Sur les chemins de non retour
de Jean-Pierre Otte

critiqué par Voiz'art, le 6 juin 2022
( - 53 ans)


La note:  étoiles
Sur les chemins qui mènent à soi-même
Certains livres sont d’une telle fertilité que lorsqu’on y plonge la tête la première, ils remplissent le vide, délivrent, détruisent insensiblement toute impression d’isolement. On se croyait séparé de tout, en rade, laissé pour compte, et on se retrouve réuni, accordé à tout, au diapason même de l’univers.
Jean-Pierre Otte publie aujourd’hui « Sur les chemins de non-retour ». Voilà un recueil de poèmes magnifique et dense comme un alcool fort.
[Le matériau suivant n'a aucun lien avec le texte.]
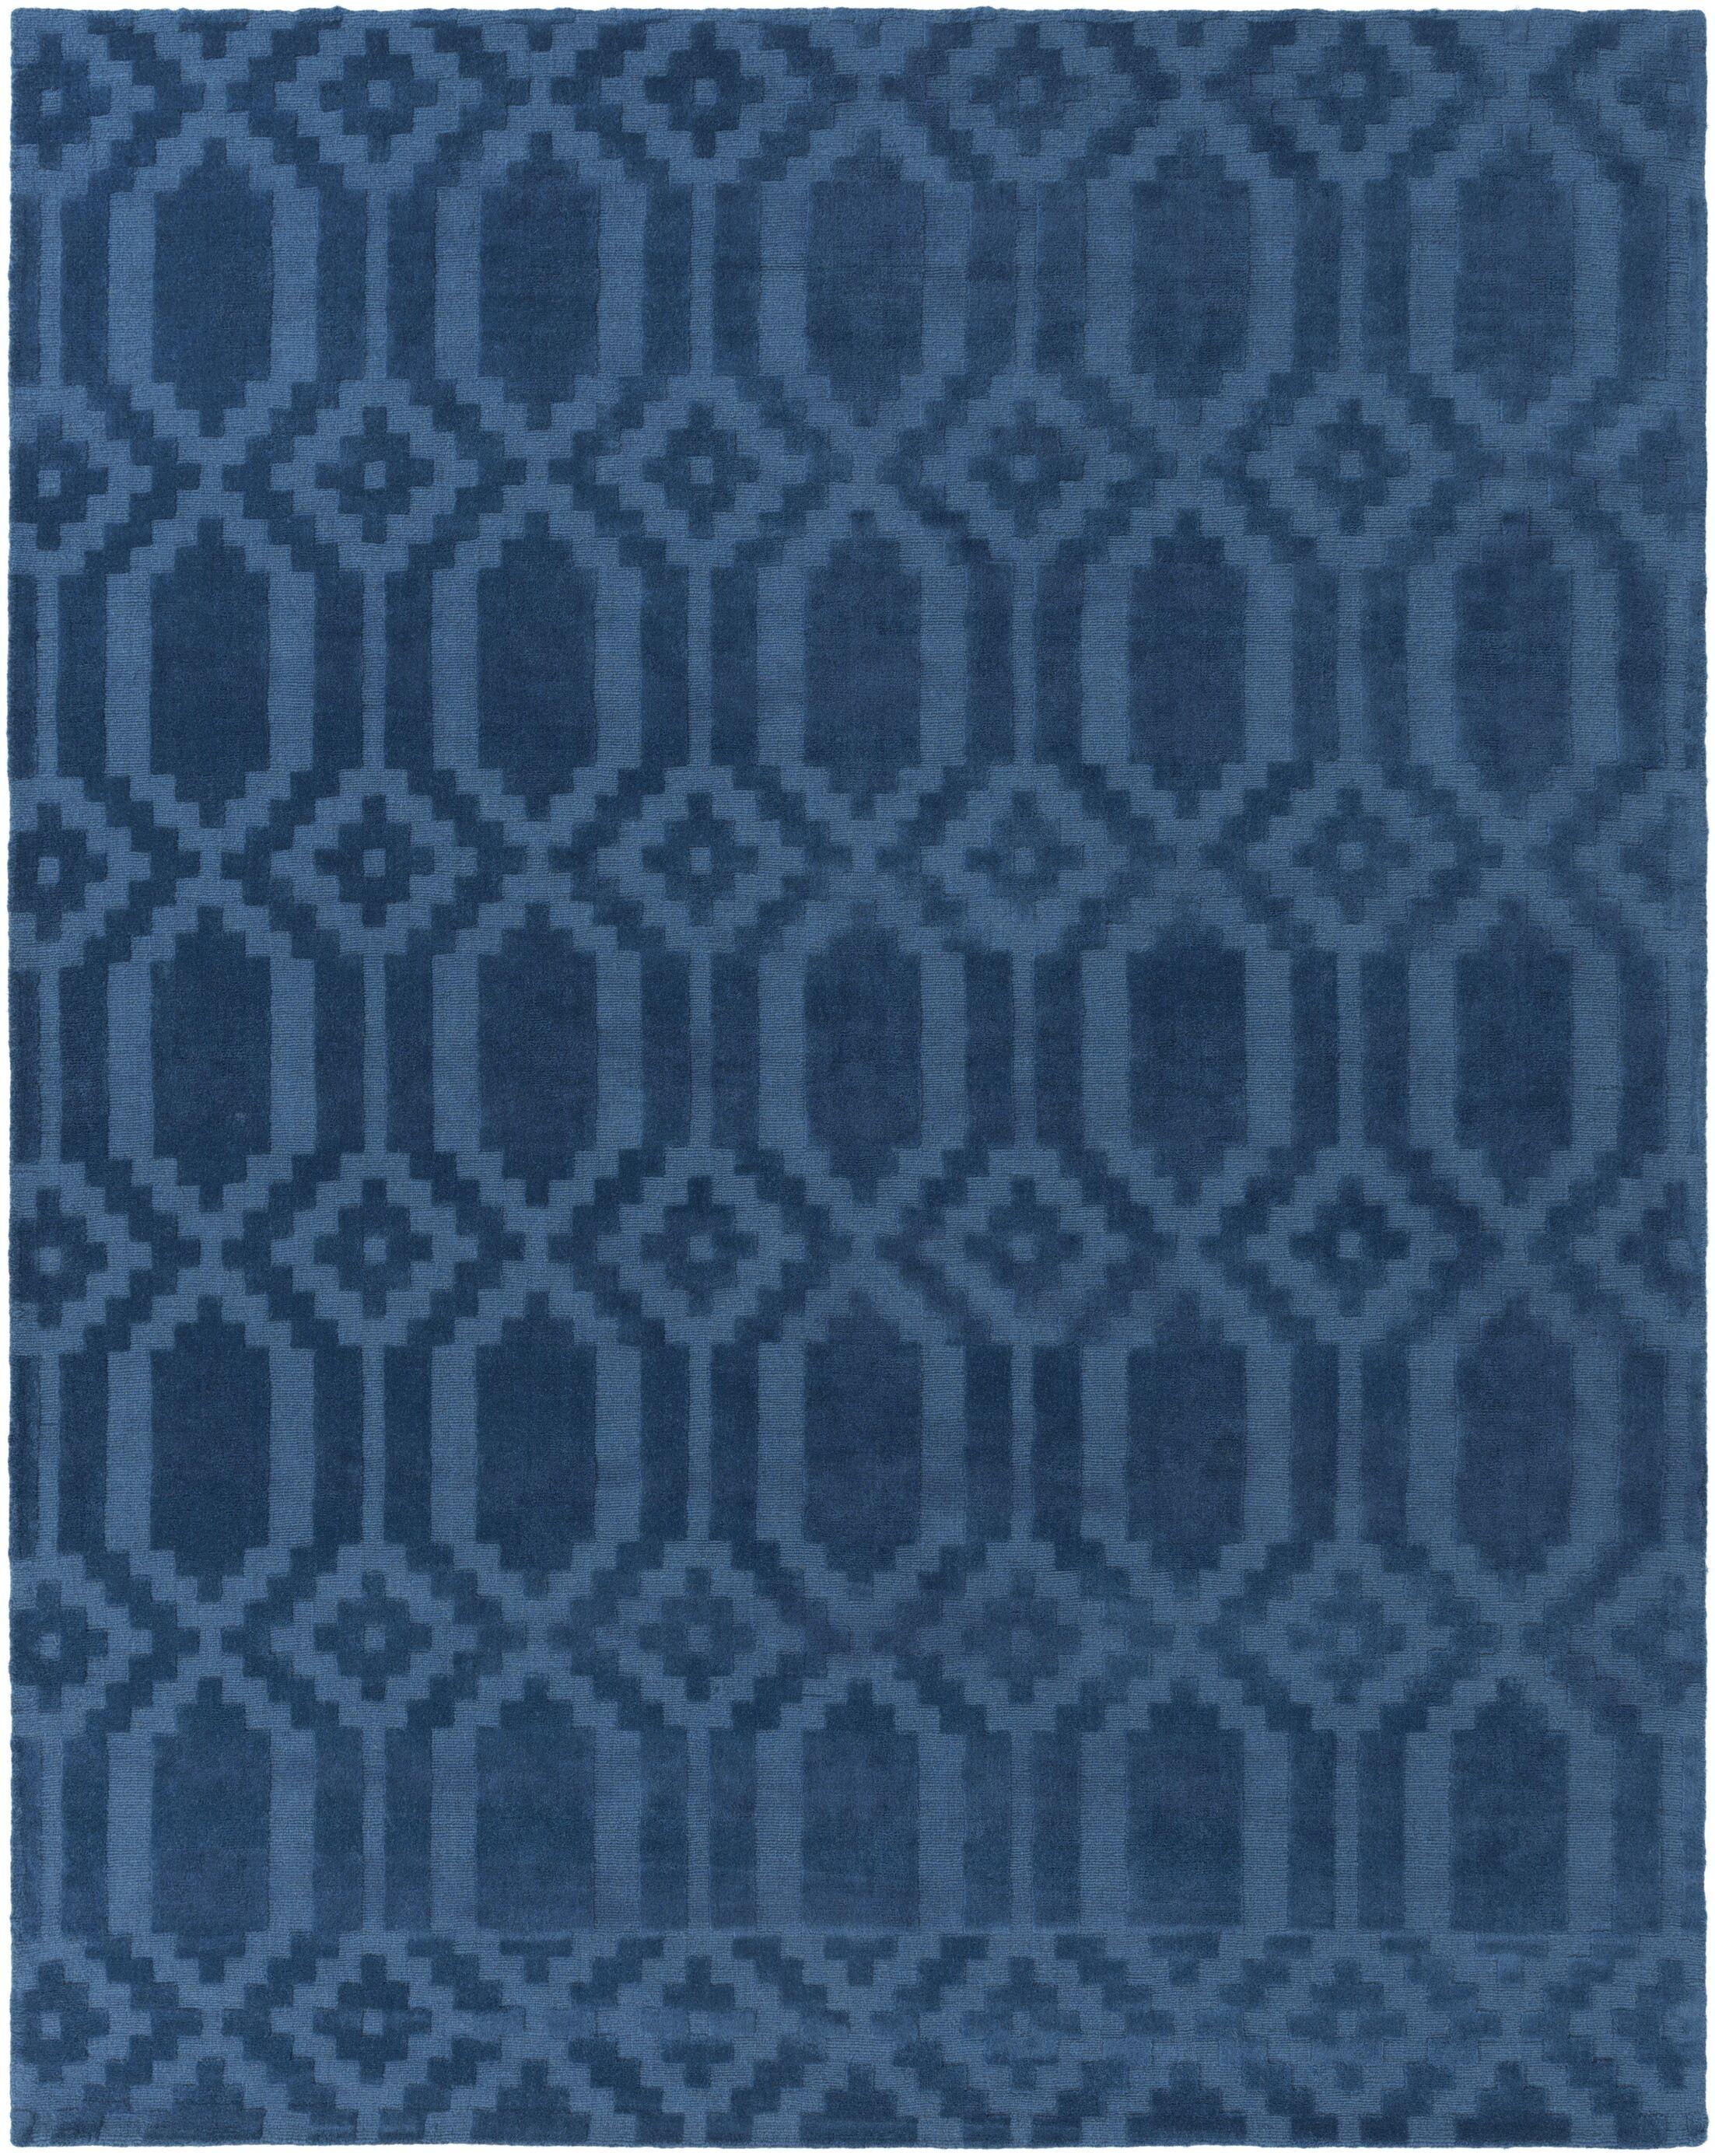 Brack Hand-Loomed Blue Area Rug Rug Size: Rectangle 10' x 14'

S'ils sont de non-retour, en revanche les chemins nous emmènent quelque part, ailleurs, dans un ailleurs logé en nous-mêmes. Il y à vivre tant de contrées inconnues, d'opportunités, de croisées et de rencontres, sans qu'on revienne jamais à son point de départ,en allant de l'avant, à l'aventure, l'esprit avisé et le vent au visage, avec au ciel «les longs vols en V des grues cendrées qui émigrent vers le Sud comme dans les livres d'images» :

« Celui qui disparaît en lui-même se retrouve
en un pays d'asphodèles et d'ombres enneigées,
où sont des échos bleus qui s'en vont
par ricochets légers dans les lointains.
C'est étrange et déconcertant avant qu'on s'accoutume.»
Il convient d'être circonspect pour en admettre la beauté.»

Jean-Pierre Otte est un magicien de mots, de mots drus, doux, lisses, charnels, éclatants de signes et de saveurs, quand le sensible est dans la sensation mais aussi dans ce qui est chargé de sens. Sa poésie est aussi comme celle d'un maraudeur ou d'un braconnier du secret inscrit au cœur même de l'existence, dans une certaine disposition d'esprit, une volonté de se rendre disponible à tout ce qui se présente, ouvert, offert à toutes les occasions, les opportunités, des mouvements d'ouverture. Le poète serait-il de surcroît un pêcheur de perle se laissant

« couler à pic en lui-même
pour trouver l'étroit passage vers ce ciel nocturne
en réplique au-dedans de nous-mêmes, où il y a
sans cesse des scintillements de vers luisants
qui font sans bruit cortège à la nuit des temps ».

Pour Jean-Pierre Otte , et nous, lecteurs, lectrices, avec lui, le temps est venu d'en finir avec l'état de disgrâce, de ne plus se sentir en disparité, en porte-à-faux ou malvenu. C'est un accord à recouvrer, la clé des champs à retrouver, le diapason perdu.